If some of you atheists would spend more time looking carefully at the latest findings of astronomy and biology, it would become more and more difficult to deny intelligent, transcendent creative design in the cosmos and in earthly nature.

No, it wouldn’t, because there is nothing in the findings of either astronomy or biology which even *suggest*, let alone prove, intelligent design at all. Even if they did, this wouldn’t say anything about the identity of such a supposed “designer”. Even if there were evidence of a designer, *which there isn’t*, such a thing would bring us no closer to proving that your God exists.
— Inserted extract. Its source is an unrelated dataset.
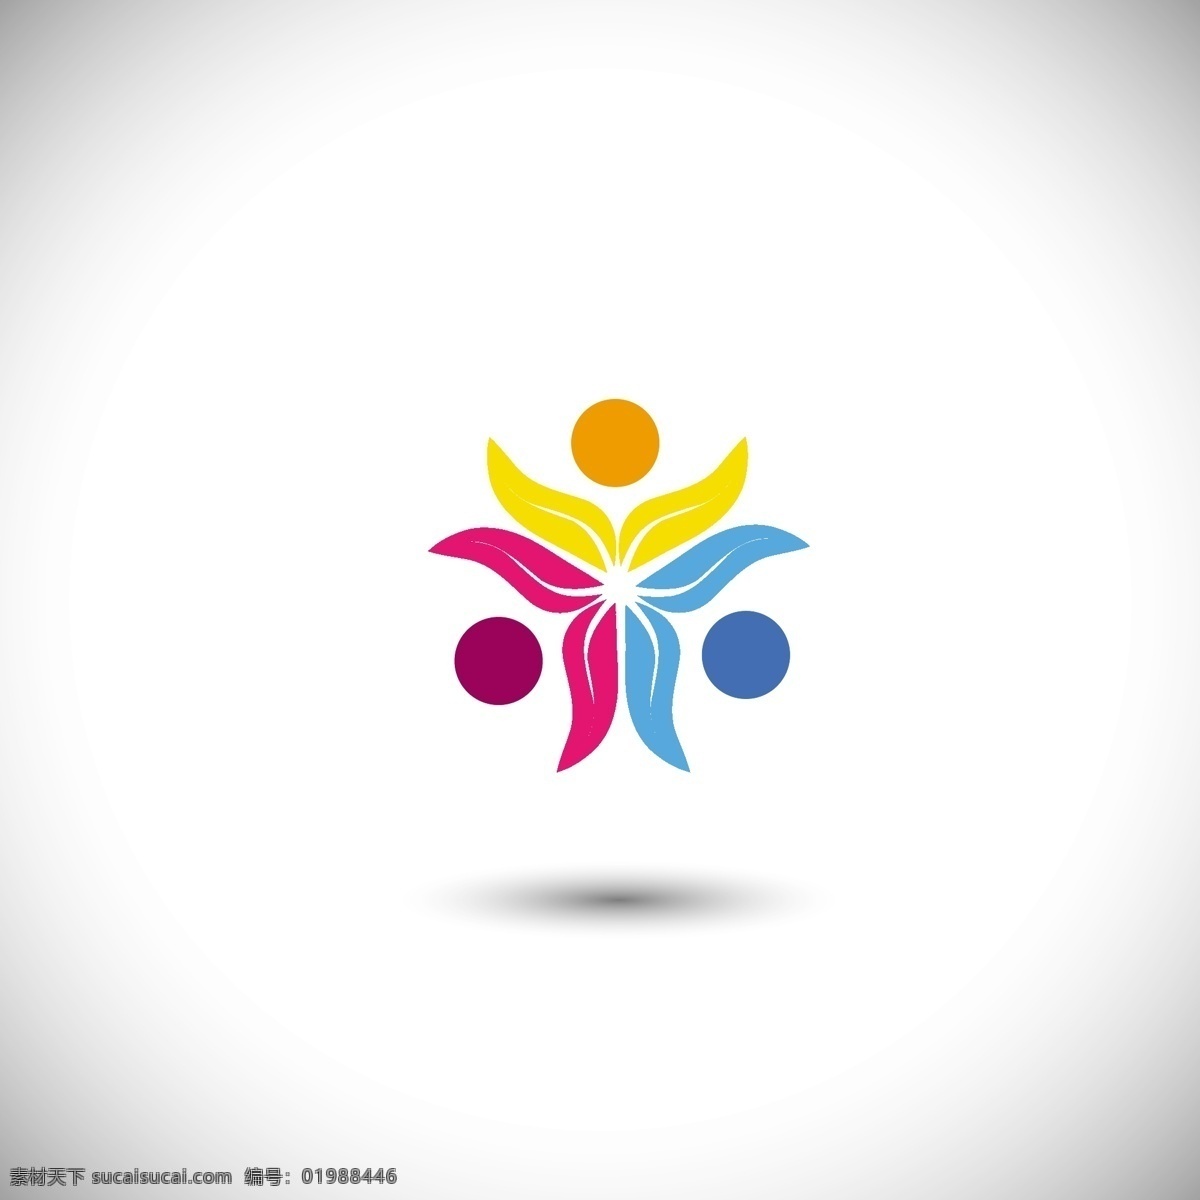 五颜六色 花 形状 标志 花卉 自然 叶 多姿多彩 公司 环境 身份 蓬勃发展 标识 花卉图案 公司logo 自然标志 花图案 彩色 孤立的环境 白色
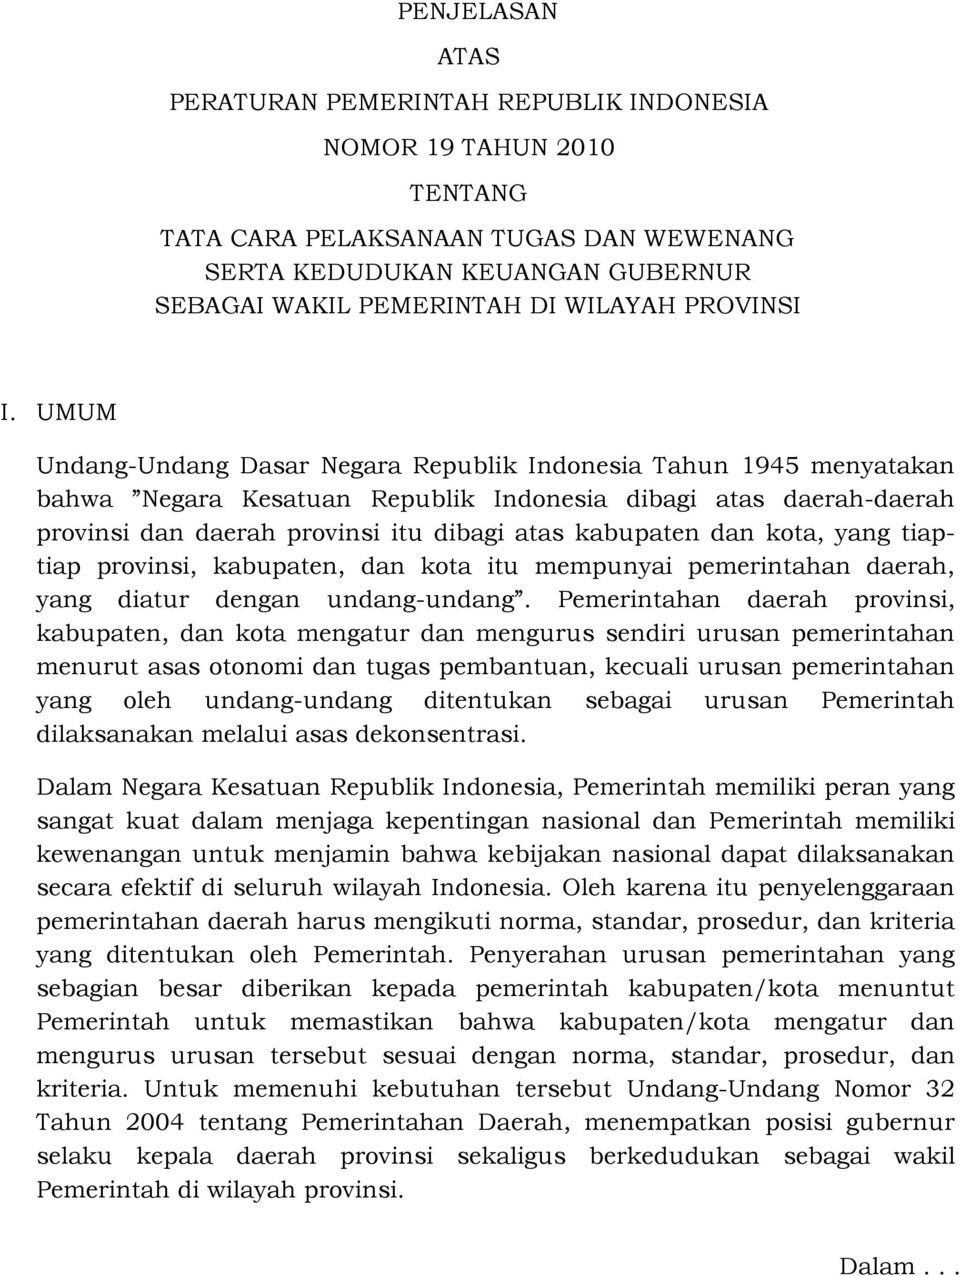 UMUM Undang-Undang Dasar Negara Republik Indonesia Tahun 1945 menyatakan bahwa Negara Kesatuan Republik Indonesia dibagi atas daerah-daerah provinsi dan daerah provinsi itu dibagi atas kabupaten dan

The designer could be anyone.

Scripture points accurately to that one as the God …

Prove that a designer exists and that the designer is your God.

… who has made Himself known to us, in part through his work in the universe and on earth …

Prove that this “work” was your God’s work. *Without begging the question.*

… and more completely through Christ Jesus’ life as described in Scripture.

Scripture does not constitute evidence of God or intelligent design, any more than Harry Potter constitutes evidence of wizards or magic. Just because something is described in a book doesn’t mean it exists or is truthful.

Kent Hovind is an embarressment to thinking Christians …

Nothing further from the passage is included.